I grab hold of her hand and lift it to my mouth before pressing a kiss on her knuckles. “It’s just a nice spot I know, angel. Nothing special.”
“It will be special to me,” she says, eyes shining with happiness.
Yeah, there’s no way she’s one of them. She’s too fucking sweet and innocent to be a member of the Brotherhood. Pierre’s words come back to haunt me.If she’s one of them, and she was raised as one of them, she would cut out your heart and smile while she did it.I push his words away, not needing him in my head right now. Besides, she chose to wear a pair of flimsy sandals with her new dress. If she were going to run, she’d have made an excuse to wear her sneakers, surely?

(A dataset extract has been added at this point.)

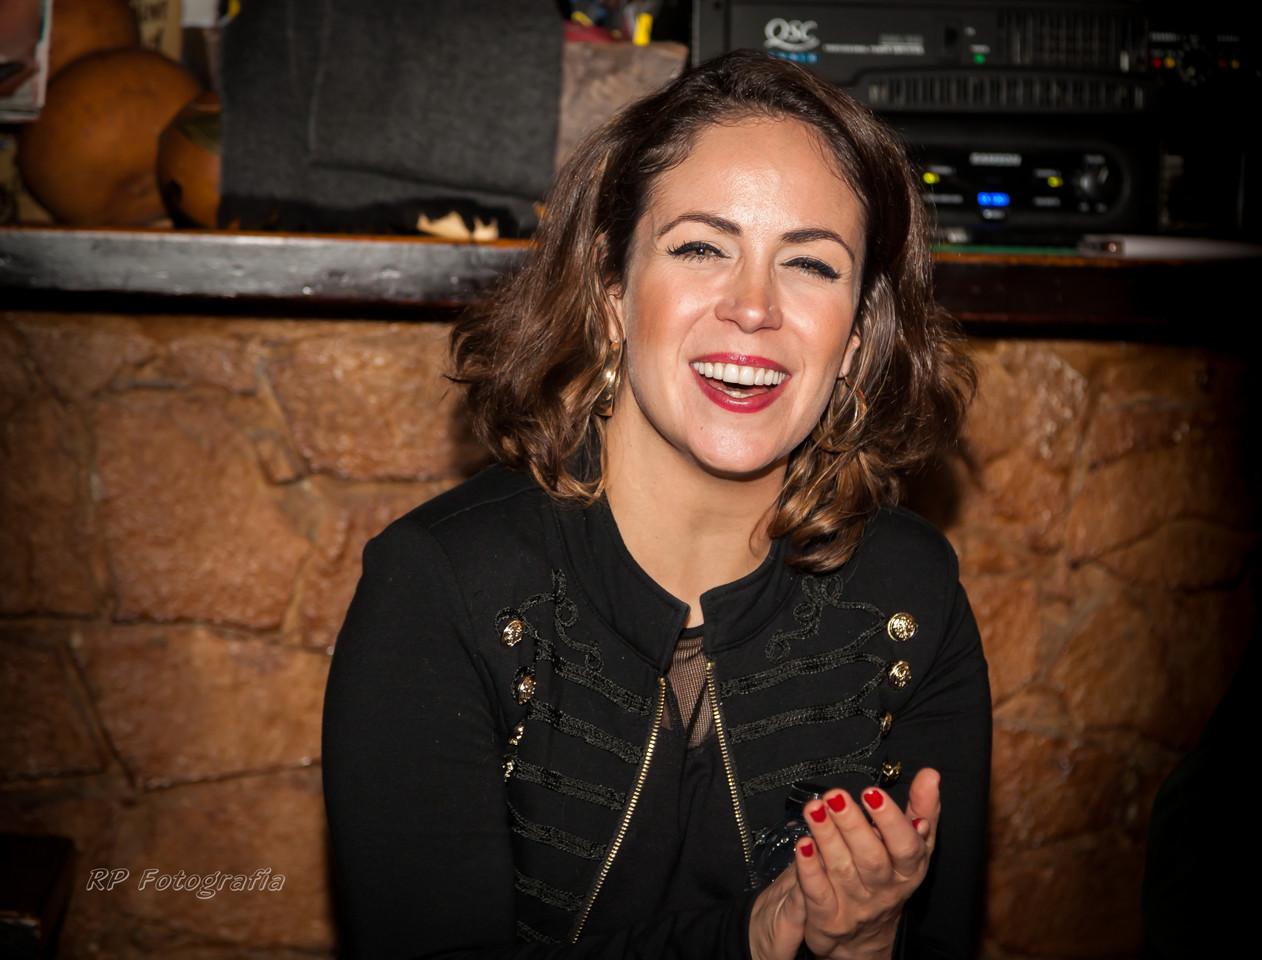 Joana Amendoeira na Taverna dos Trovadores (004)

“Yeah, it will be special to me too.”
She beams widely. “I’m glad to see you’re not wearing your mask, sir.”
“Why would I?”
“You usually do when you go out in public, don’t you?”
Maybe it’s Pierre’s suspicions getting in my head, but for some reason that rankles me. “We’re unlikely to see anyone where we’re going, angel. And if we did, it would be a hiker. Nobody likely to come close enough to see my face. Or yours.”

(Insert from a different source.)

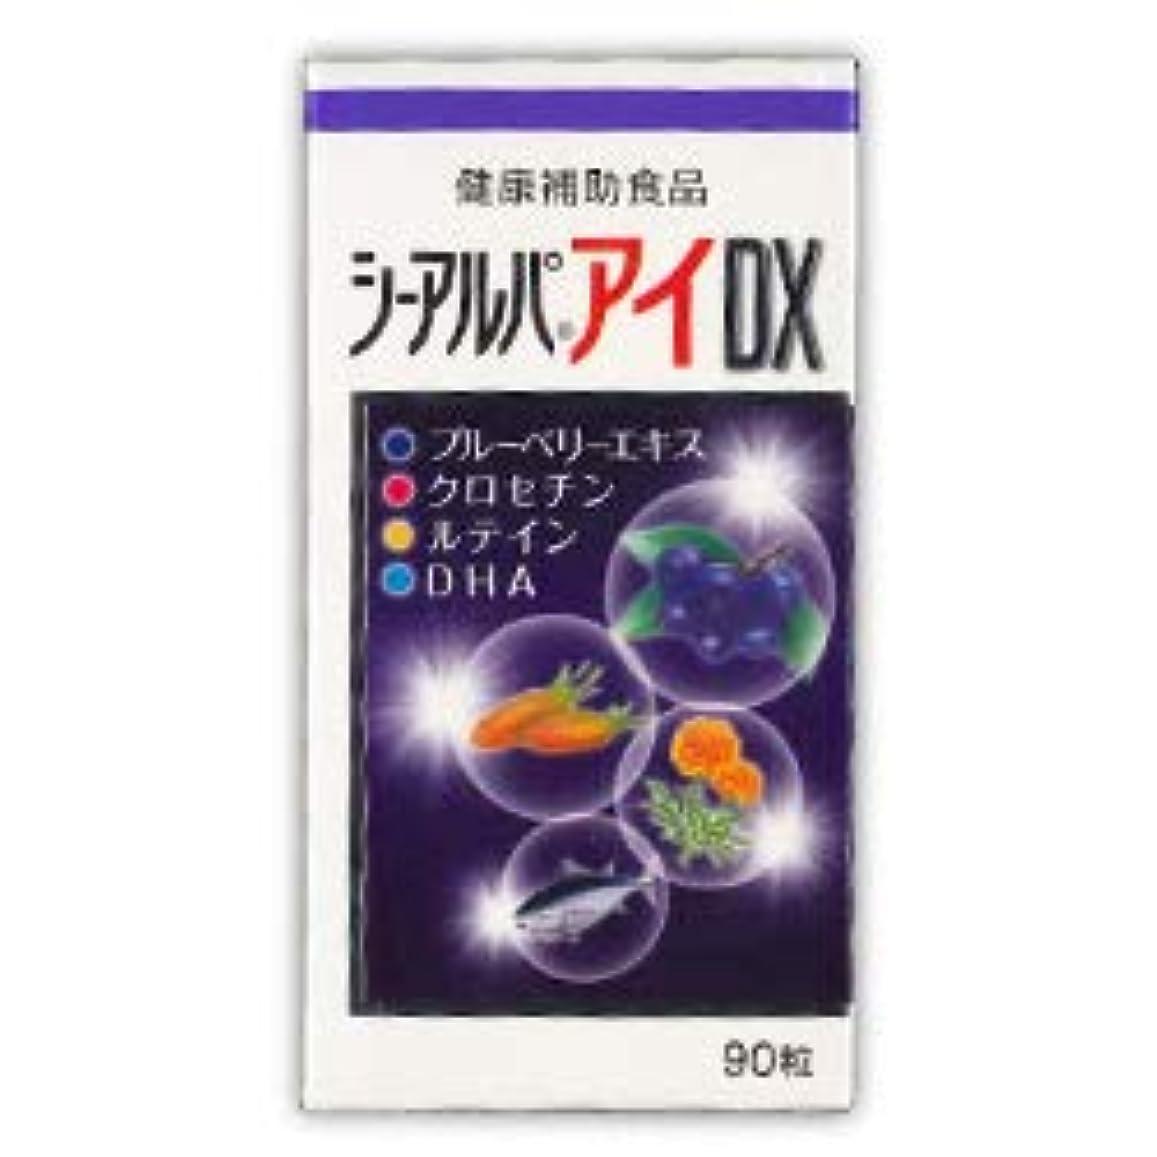 ブラウズフェンス布【日水製薬】シーアルパアイDX 90粒

That doesn’t seem to faze her at all and she goes back to staring out the window with all the excitement of a child on Christmas morning. I spent two Christmases with her as a child, although she was much too young to understand what it was. I push those memories away too, because they’re a reminder of how I’m betraying her father.Protect her for me, he said. One hundred percent sure he didn’t mean like this.
But we are where we are, and I’m in far too deep to stop this now.

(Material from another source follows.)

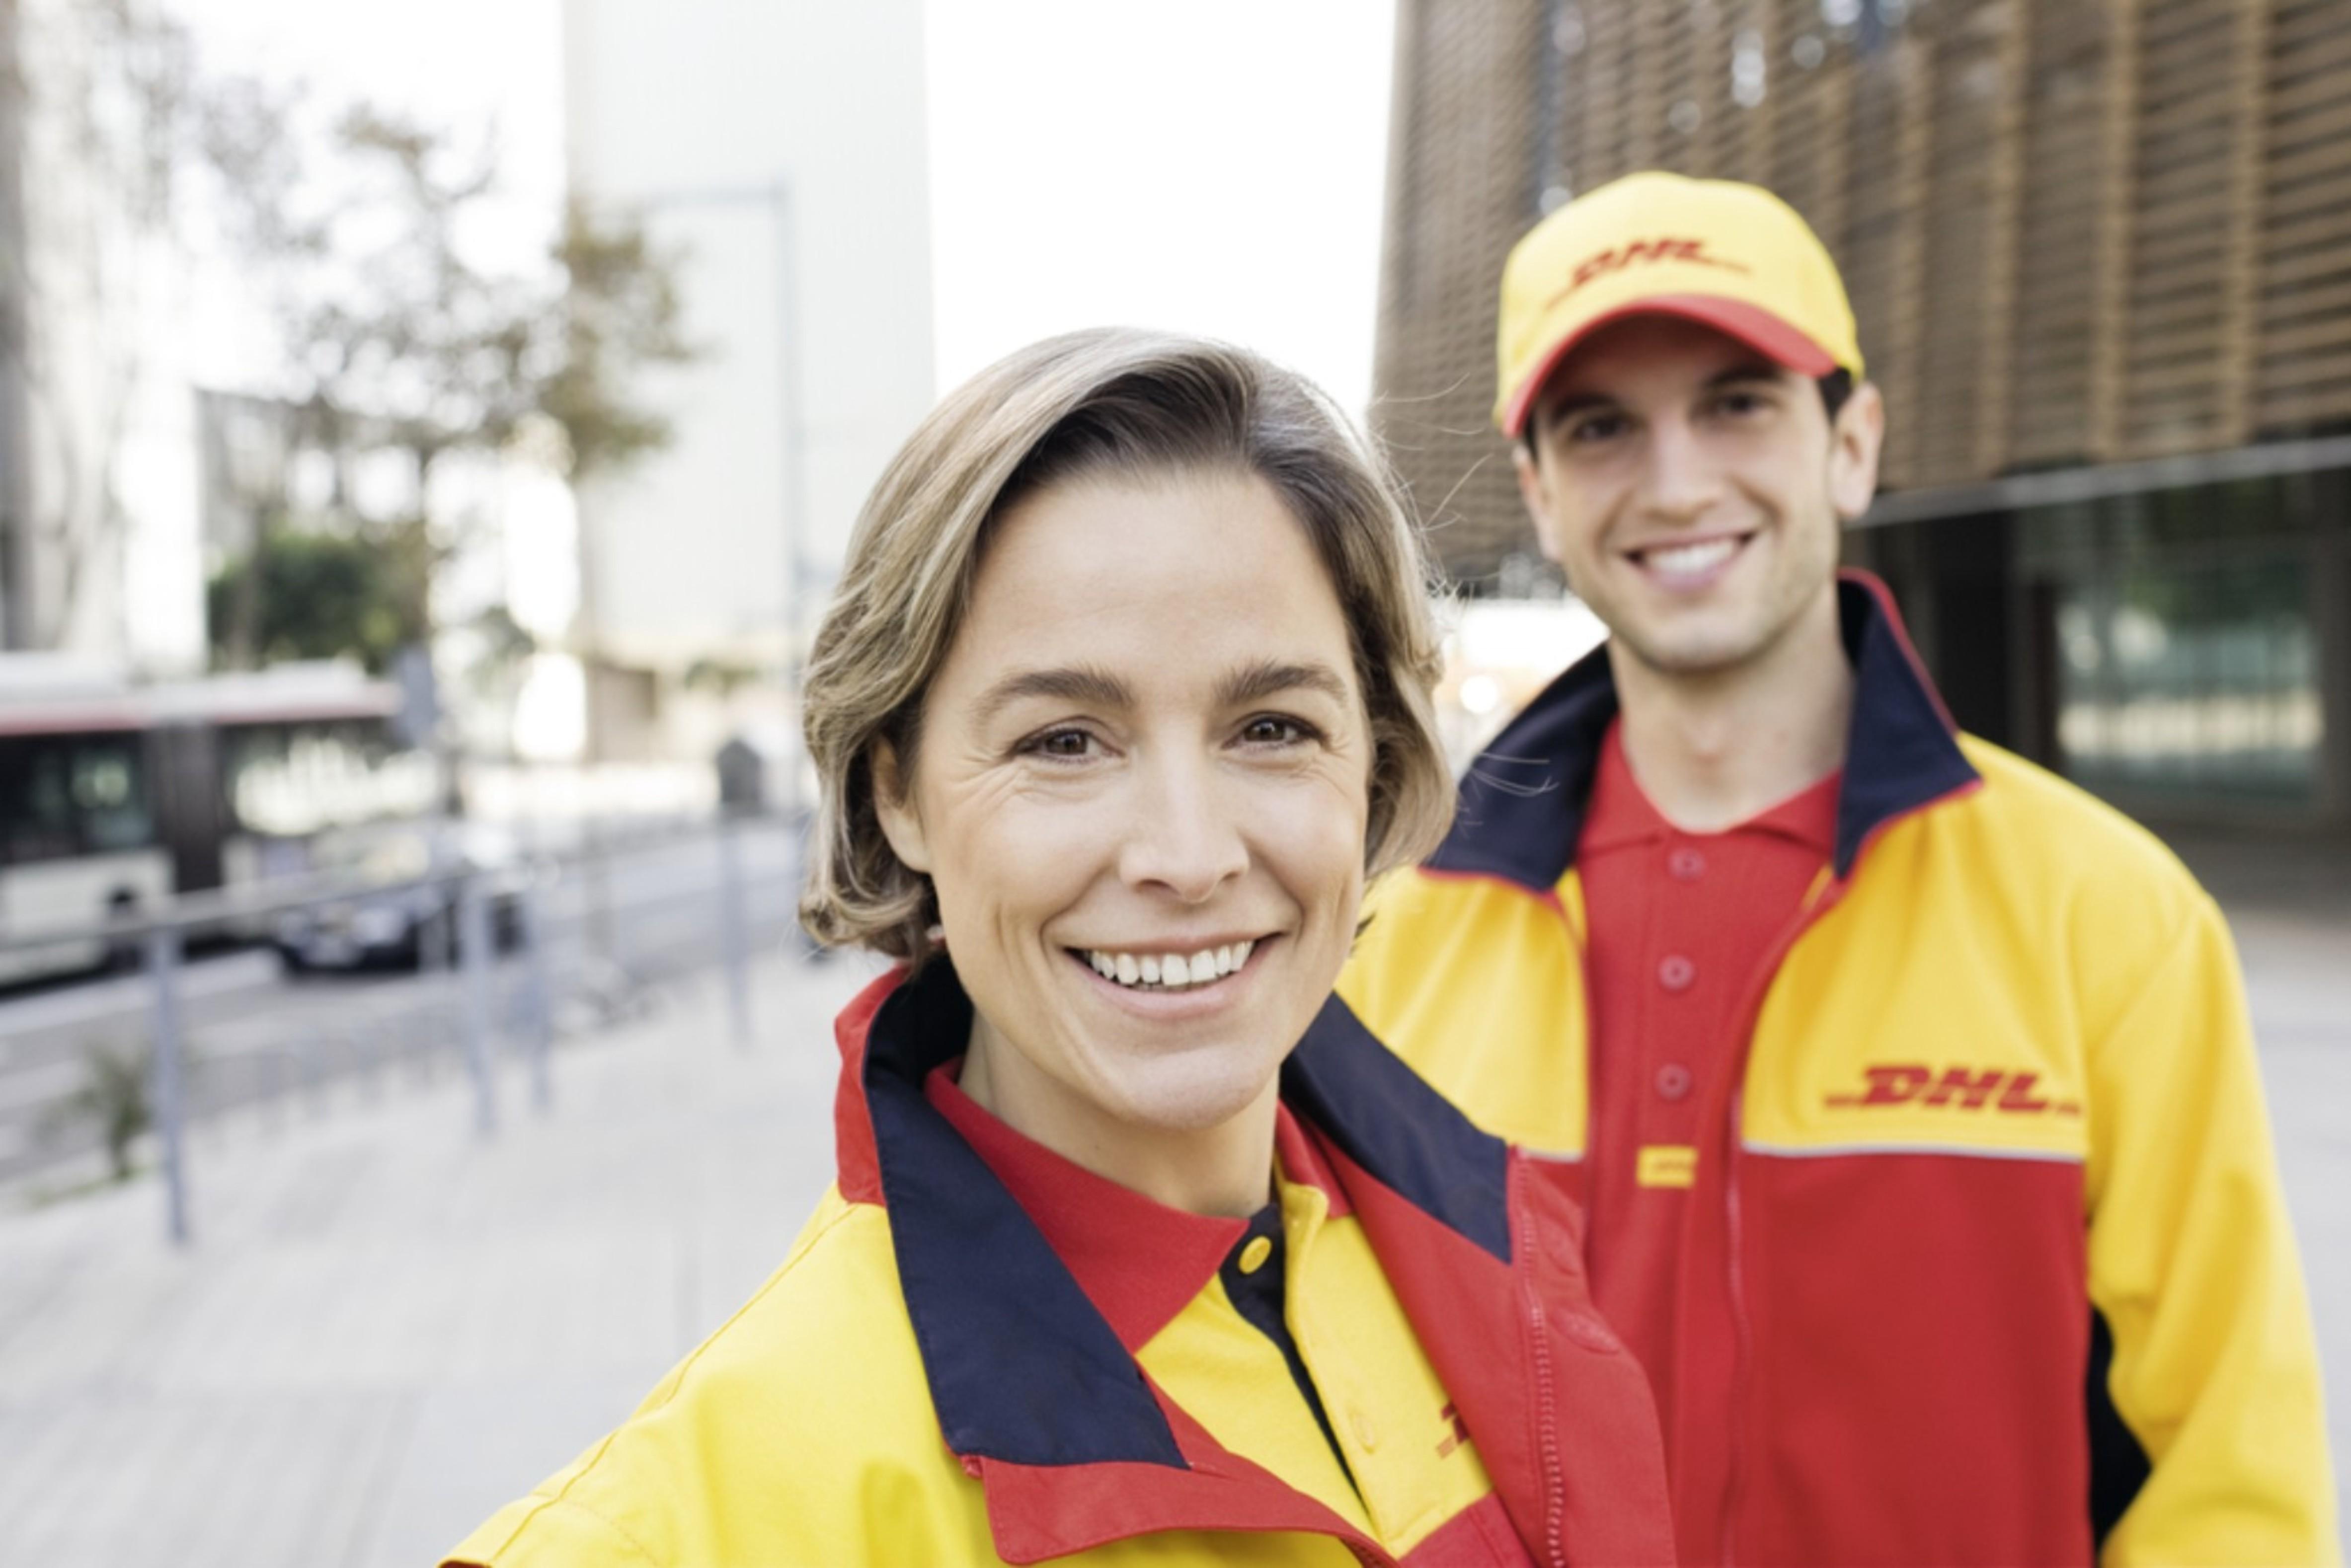 DHL se ha clasificado como uno de los mejores lugares para trabajar a nivel mundial

“That was all delicious.” She lies down on the blanket, her hands resting on her stomach. “That was my first picnic ever.”
I lie next to her on my side and link my fingers with hers. “Mine too, angel.”
“Really?”
“Yes.”
“You never went on any as a kid? Or you know took anyone else special for a picnic?” She blushes at the last few words.
“I already told you I never had relationships before. Just casual sex. Definitely never anyone I wanted to take on a picnic.”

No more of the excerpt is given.